Reputation: 623
I have a CSV file that has list of transactions
For instance,
Year Name Amount
2010 John 10
2011 John 10
2012 John 10
2011 John 10
I want it to be grouped by year and then sorted by ID, which has the expected output
Year Name Amount
2010 John 10
2011 John 20
2012 John 10
My current code is similar to this one
with open('user.csv', 'r', errors='ignore') as csvFile:
reader = csv.reader(csvFile)
for row in sorted(reader):
output.append([row[0], row[1], row[3]])
print("Year", row[0], " Name:" , row[1], "Amount:", row[3])
Thank you
Upvotes: 1
Views: 1241
Reputation: 82765
Pandas is a good option in this use-case.

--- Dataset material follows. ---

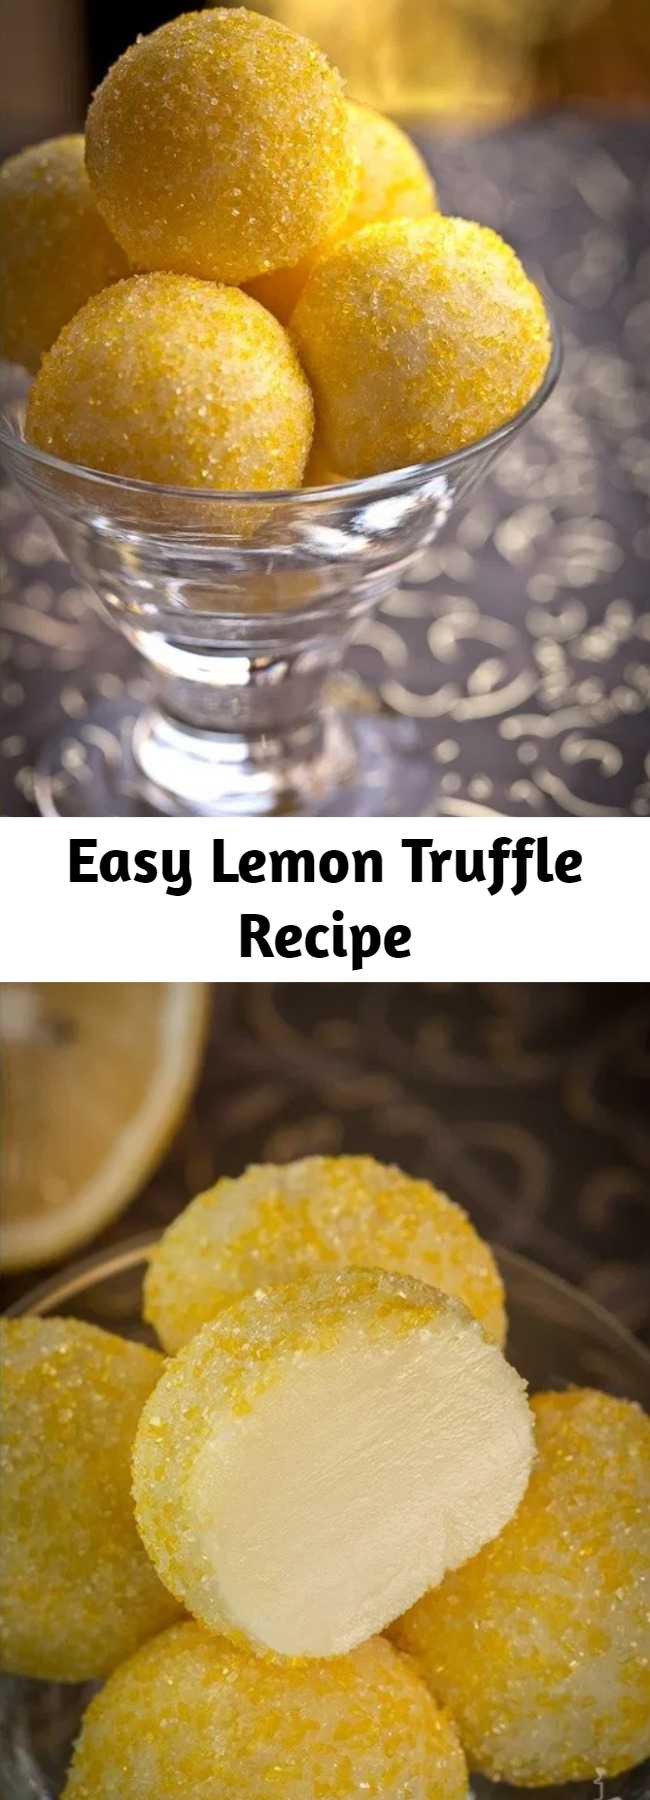 Easy Lemon Truffle Recipe - Lemon Truffles are made with just a couple of ingredients and are super easy to put together. If you love lemon, these little no bake dessert treats will become your favorite quick!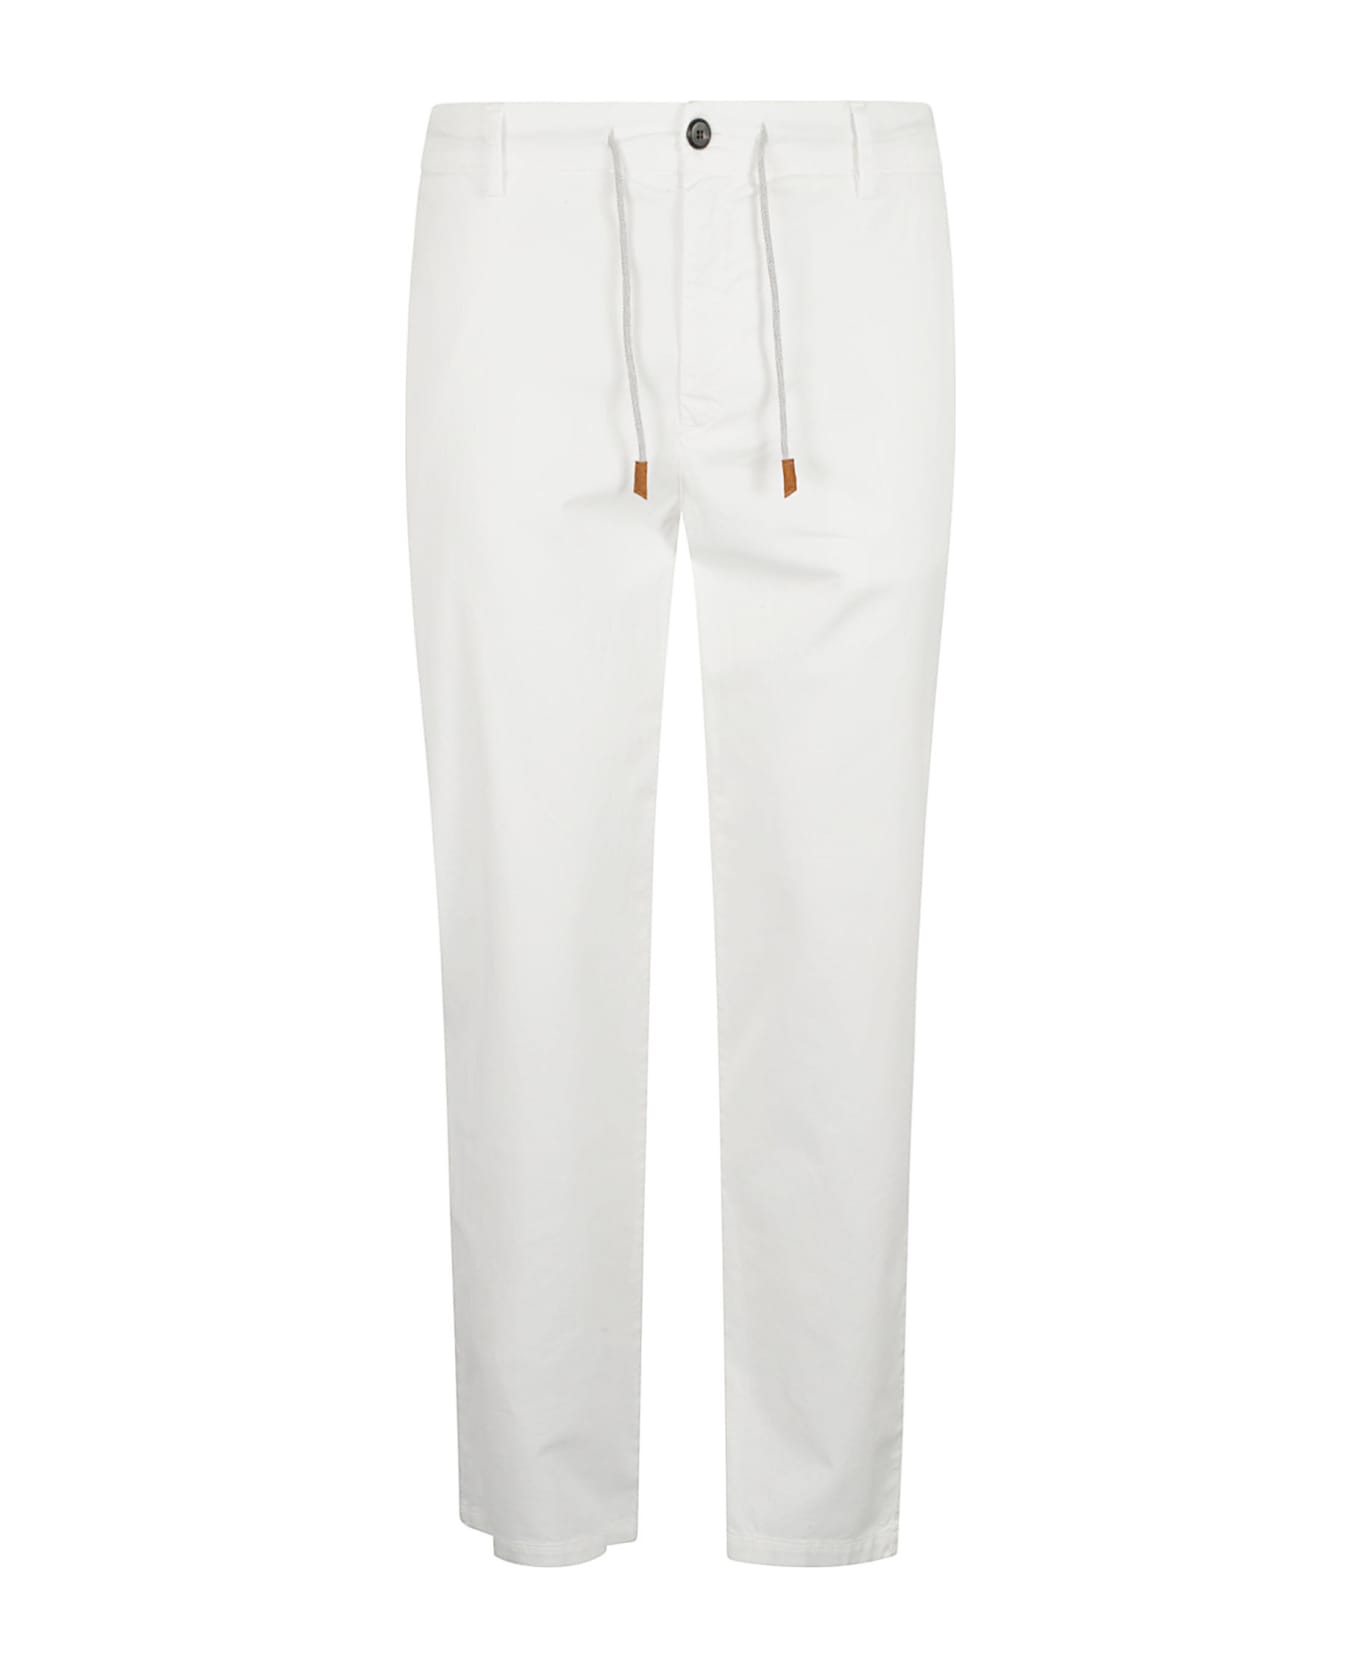 Eleventy Drawstringed Buttoned Trousers - White

But if you need to use only the build in modules.
Use:
import csv
from collections import defaultdict
result = defaultdict(int)
with open('user.csv') as csvFile:
reader = csv.reader(csvFile) #Note delimiter is `,`
header = next(reader) #Get header
for row in reader:
result[(int(row[0]), row[1])] += int(row[2]) #key = row & name, value = amount
with open(filename_1, "w", newline='') as csvFile:
writer = csv.writer(csvFile)
writer.writerow(header)
for key, Amount in sorted(result.items(), key=lambda x: x[0][0]): #sorted by year
writer.writerow([*key, Amount])
Upvotes: 0
Reputation: 430
Use pandas:
import pandas as pd
#Read csv
df = pd.read_csv("user.csv")
# Groupby and sum
df_new = df.groupby(["Year", "Name"]).agg({"Amount": "sum"}).sort_values(["Year", "Name"]).reset_index()
df_new
Output:
Year Name Amount
0 2010 John 10
1 2011 John 20
2 2012 John 10
Upvotes: 2